Unsupervised clustering of single-cell RNA-sequencing data enables the identification and discovery of distinct cell populations. However, the most widely used clustering algorithms are heuristic and do not formally account for statistical uncertainty. Many popular pipelines use clustering stability methods to assess the algorithms’ output and decide on the number of clusters. However, we find that by not addressing known sources of variability in a statistically rigorous manner, these analyses lead to overconfidence in the discovery of novel cell-types.
Researchers from Harvard University and the Dana Farber Cancer Institute extend a previous method for Gaussian data, Significance of Hierarchical Clustering (SHC), to propose a model-based hypothesis testing approach that incorporates significance analysis into the clustering algorithm and permits statistical evaluation of clusters as distinct cell populations. The researchers also adapt this approach to permit statistical assessment on the clusters reported by any algorithm. They benchmarked their approach on real-world datasets against popular clustering workflows, demonstrating improved performance. To show its practical utility, the researchers applied it to the Human Lung Cell Atlas and an atlas of the mouse cerebellar cortex. They identified several cases of over-clustering, leading to false discoveries, as well as under-clustering, resulting in the failure to identify new subpopulations that their method was able to detect.

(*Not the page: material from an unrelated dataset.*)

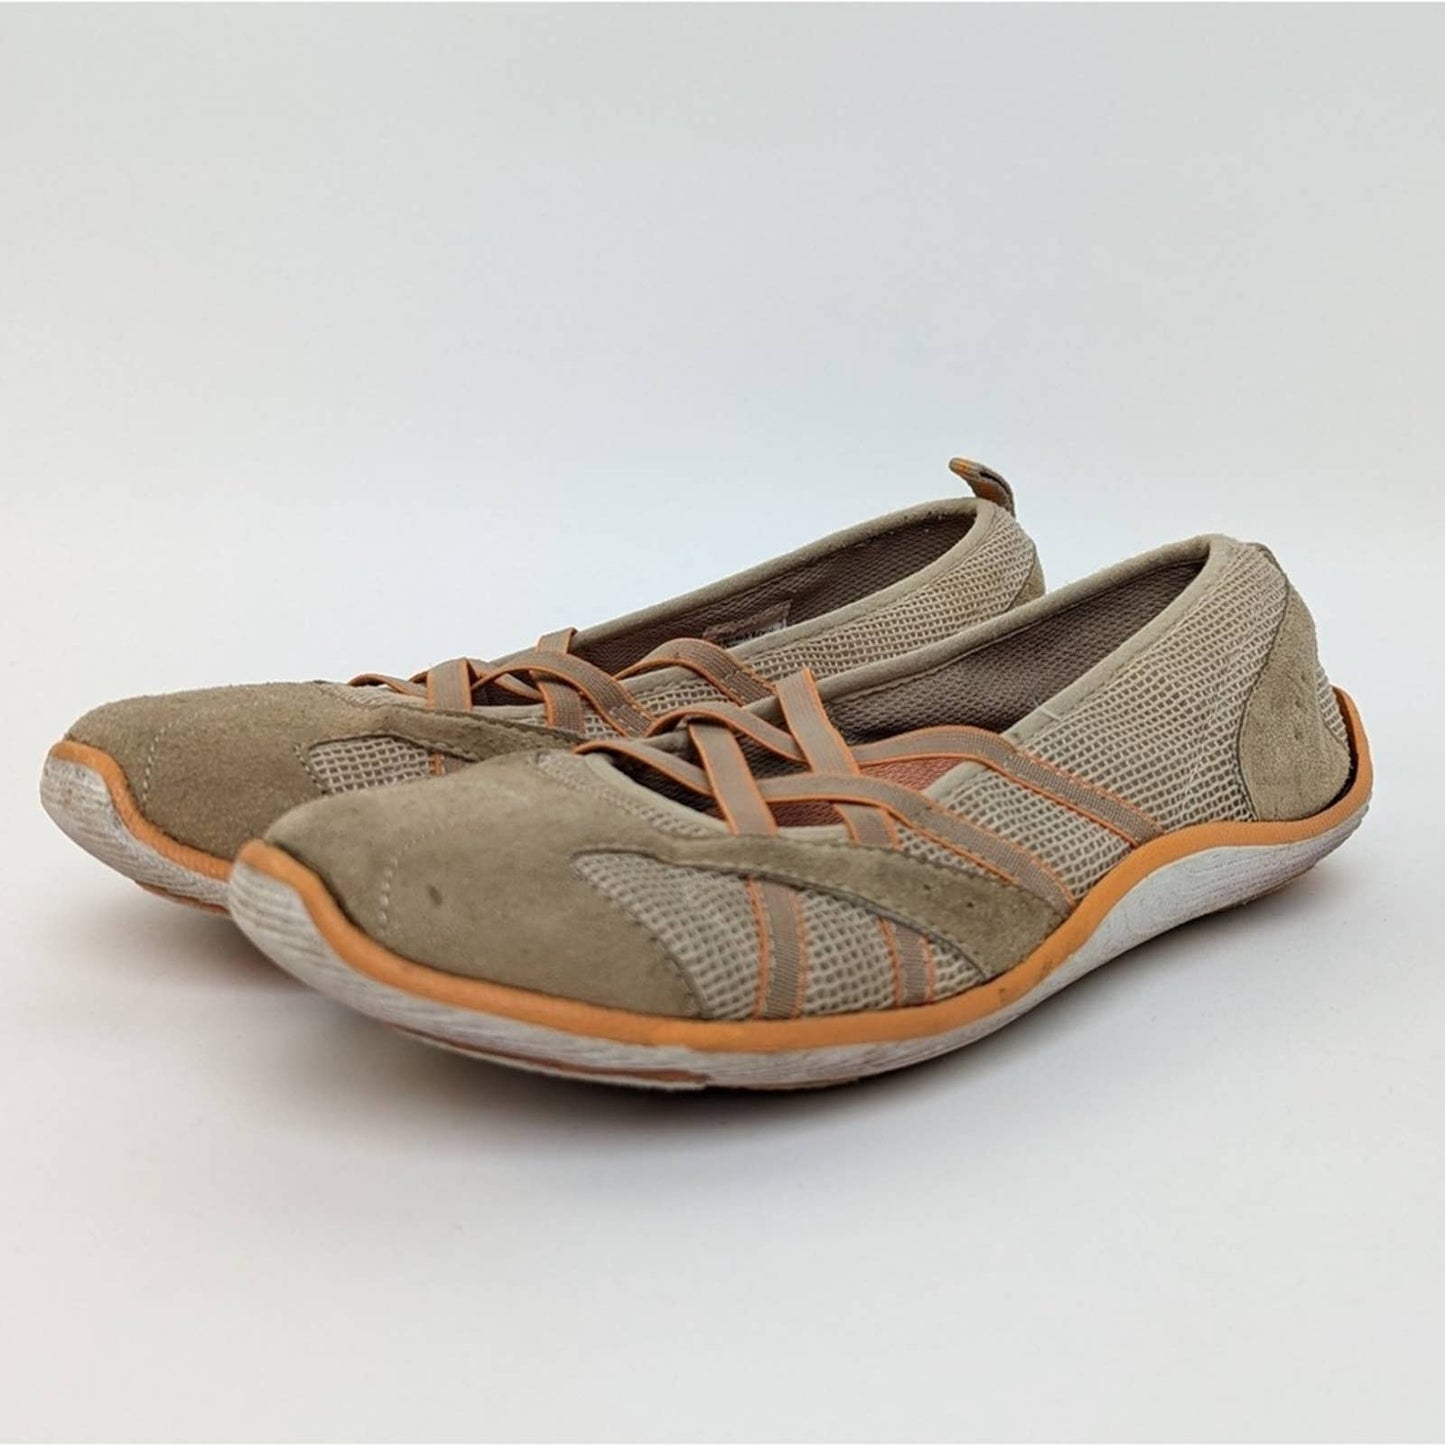 Dr. Scholls Elsie Tan-Orange Slip On Walking Shoes - 9

Schematic illustrating this approach to significance analysis for clustering
(A) Schematic of the test used by our approach to decide whether a proposed two-way split is significant. We show two examples, one in which two distinct populations were simulated (top) and one in which only one population was simulated (bottom). The schematics show how we use hierarchical clustering to divide the data into two, fit a single parametric model to the data, simulate 100 datasets under that model, and cluster each simulated dataset and compute the average silhouette. We then compare the average silhouette of the observed clusters to this empirical null distribution to decide whether to reject the null hypothesis. (B) Schematic of sc-SHC. We hierarchically cluster all the cells, and carry out significance analysis to decide whether to split the root node into the two clusters denoted by blue and red. We stop if we fail to reject the null hypothesis, and otherwise recursively continue performing tests to decide if we split each node or not.